-
lance.write_dataset(data_obj: ReaderLike, uri: str | Path | LanceDataset, schema: pa.Schema | None =
None
, mode: str ='create'
, *, max_rows_per_file: int =1048576
, max_rows_per_group: int =1024
, max_bytes_per_file: int =96636764160
, commit_lock: CommitLock | None =None
, progress: FragmentWriteProgress | None =None
, storage_options: dict[str, str] | None =None
, data_storage_version: str | None =None
, use_legacy_format: bool | None =None
, enable_v2_manifest_paths: bool =False
, enable_move_stable_row_ids: bool =False
) LanceDataset Write a given data_obj to the given uri
- Parameters:
- data_obj : Reader-like¶
The data to be written. Acceptable types are: - Pandas DataFrame, Pyarrow Table, Dataset, Scanner, or RecordBatchReader - Huggingface dataset
- uri : str, Path, or LanceDataset¶
Where to write the dataset to (directory). If a LanceDataset is passed, the session will be reused.

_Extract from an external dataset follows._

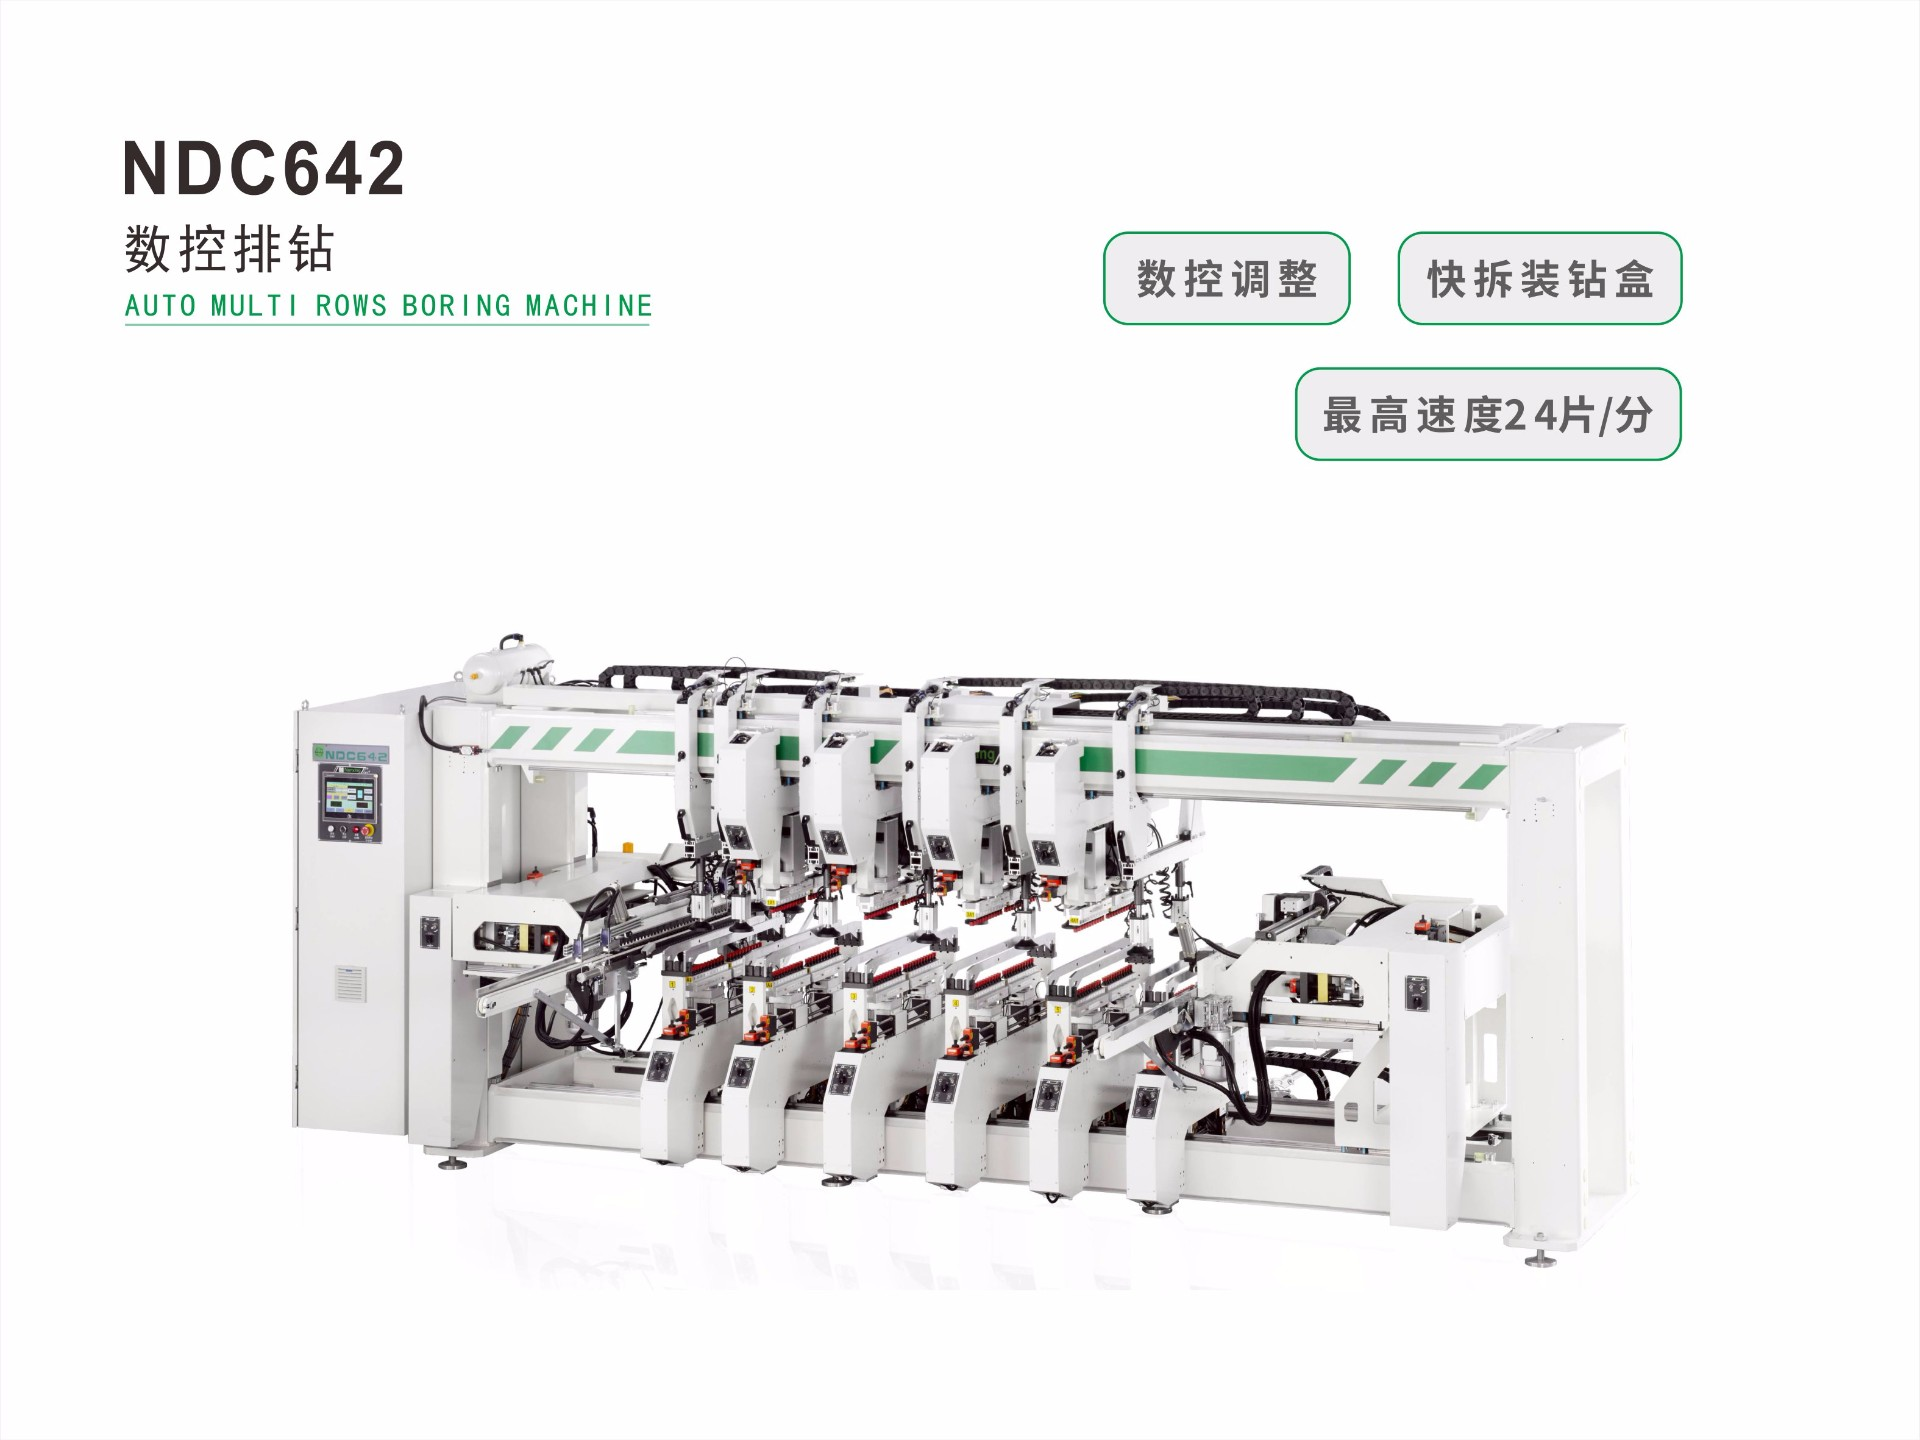 数控排钻 NDC642

- schema : Schema, optional¶
If specified and the input is a pandas DataFrame, use this schema instead of the default pandas to arrow table conversion.
- mode : str¶
create - create a new dataset (raises if uri already exists). overwrite - create a new snapshot version append - create a new version that is the concat of the input the latest version (raises if uri does not exist)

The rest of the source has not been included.